İçimde ayaklanan tüm suçluları yuttum
yüzüme aynalar tuttum.
ağırlaştı dilim, odam iyice daraldı.
alıştığım güvenli sessizliği gözden çıkardım
korkumu ızdırabıma dürdüm
sonra gözlerimin içine baka baka sordum:
Henüz bu yaşta bu ne hevessizlik?
Bu umarsızlık...
Henüz pişmeden yemeğim bu tokluk...
Daha başlamadan mücadeleye bu yorgunluk...
Ne kazandım ne kaybettim
Şu ufku seçilmeyen bulanık yolun neresini yürüdüm
ne gördüm niye ürktüm
Bu isteksizlik, bu ağırlık hali gövdeme çöreklenen
niye?
Medine Yalçınkaya
2020-09-28T07:54:04+03:00Bütün bir şiir bu soruları sormak içindi sormasam olmazdı Mustafa, çok teşekkür ederim 🌿
Medine Yalçınkaya
2020-09-22T19:35:34+03:00Çok teşekkür ederim Yaren🍁
Emine Yaren Altınbaş
2020-09-22T16:11:47+03:00"Henüz pişmeden yemeğim bu tokluk..." kendini çok güzel sorgulayan bir şiir olmuş Medine.Kalemine sağlık.
Medine Yalçınkaya
2020-09-22T14:18:38+03:00Sanırım yazmak için en itici güçlerden biri bu Yusuf, çok teşekkür ederim 😊
Yusuf Sun
2020-09-22T14:11:19+03:00Baştan sona isyan eden bir şiir yazmışsınız.

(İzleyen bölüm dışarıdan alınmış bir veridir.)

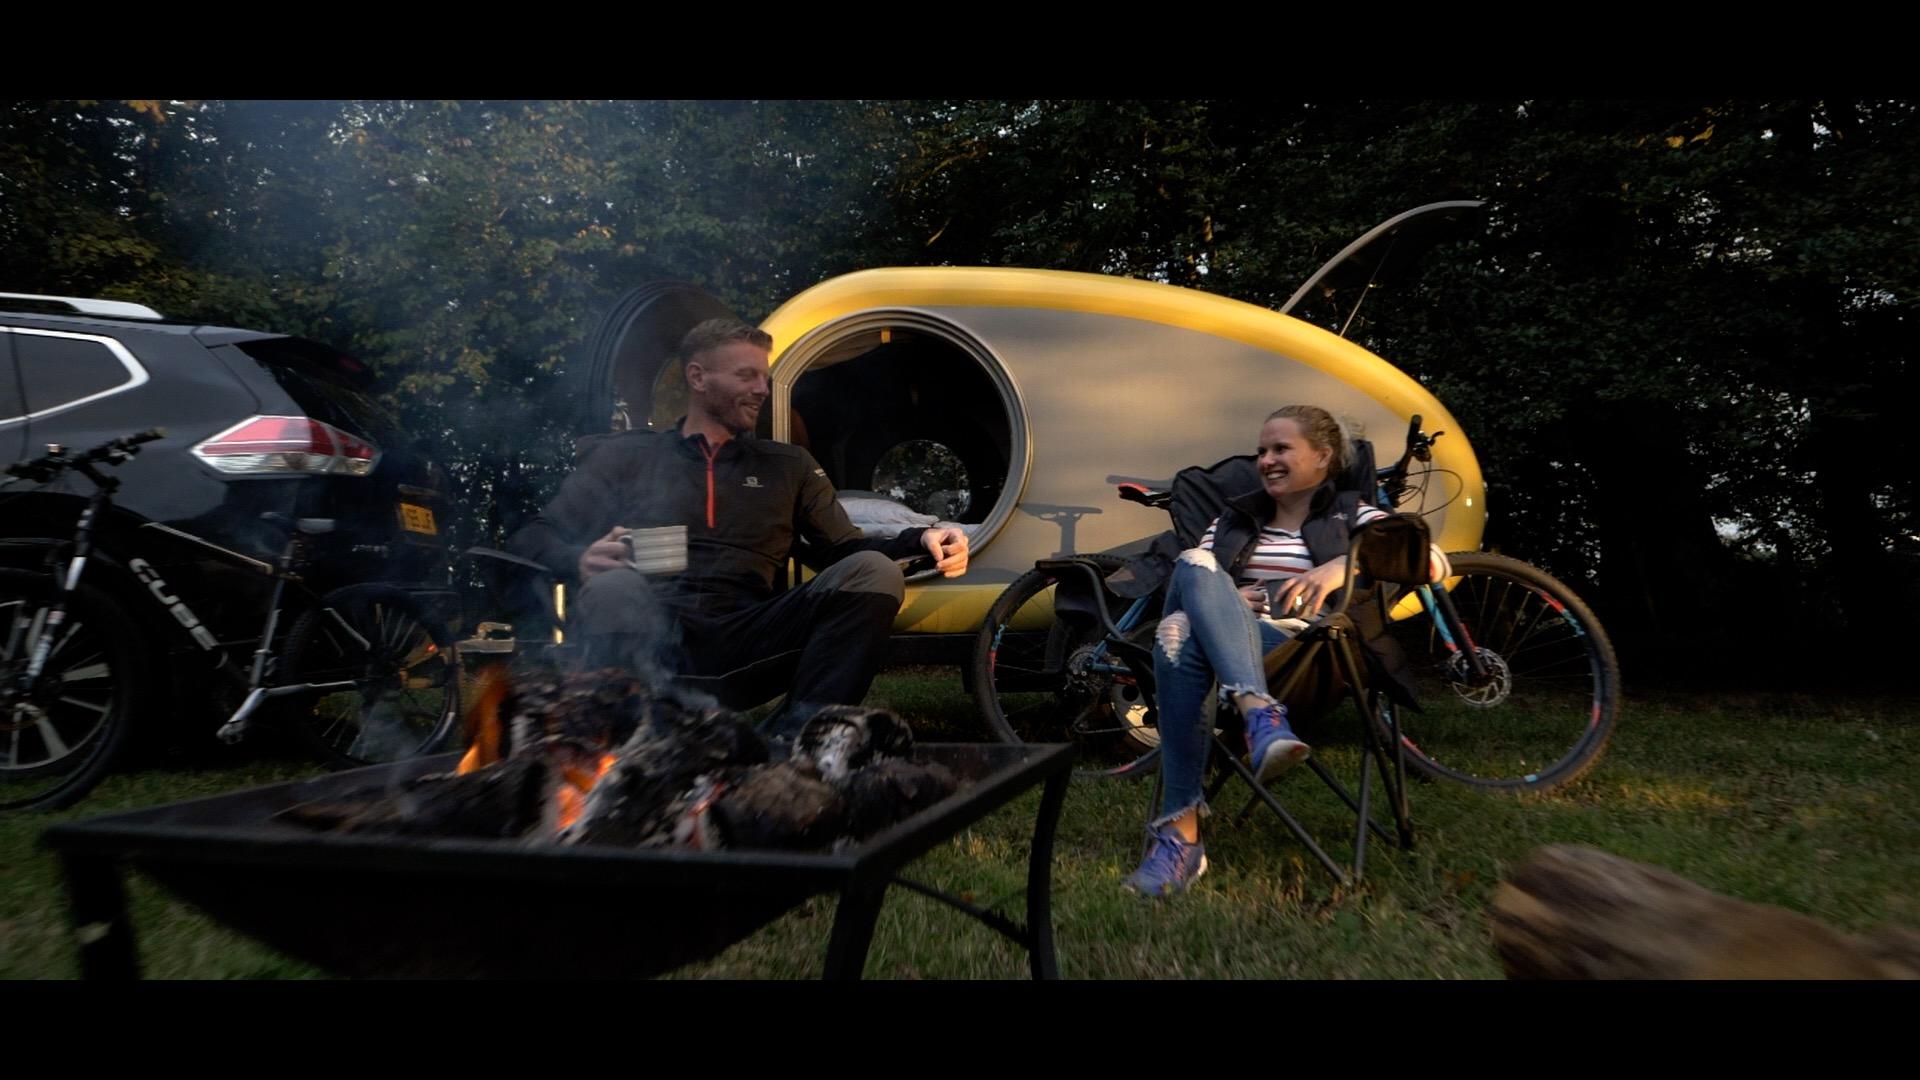 Mink Campers Scotland Campfire.jpg
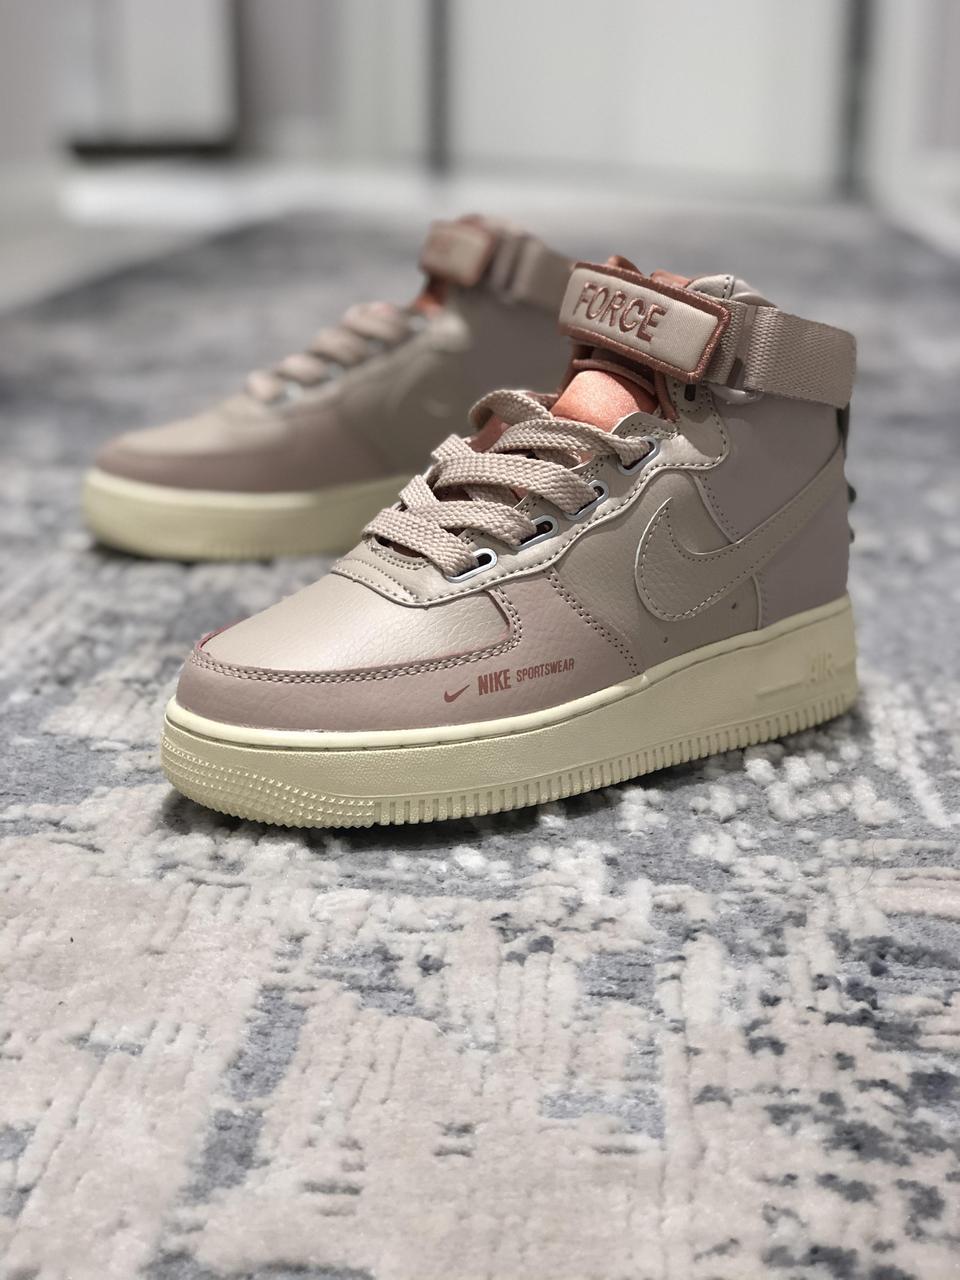 Кроссовки женские в стиле Кроссовки женские в стиле Nike Air Force 1 High

Keyif aldım okurken. Tebrik ederim.
Medine Yalçınkaya
2020-09-22T10:22:24+03:00Teşekkür ederim Birkan 🌿
Birkan
2020-09-22T10:20:05+03:00Gerçekten insanın içindeki düşünceleri açığa vuran,anlatımı güzel bir şiir olmuş.Eline sağlık.Fotoğraf desteğiyle beraber de tam oturmuş. :)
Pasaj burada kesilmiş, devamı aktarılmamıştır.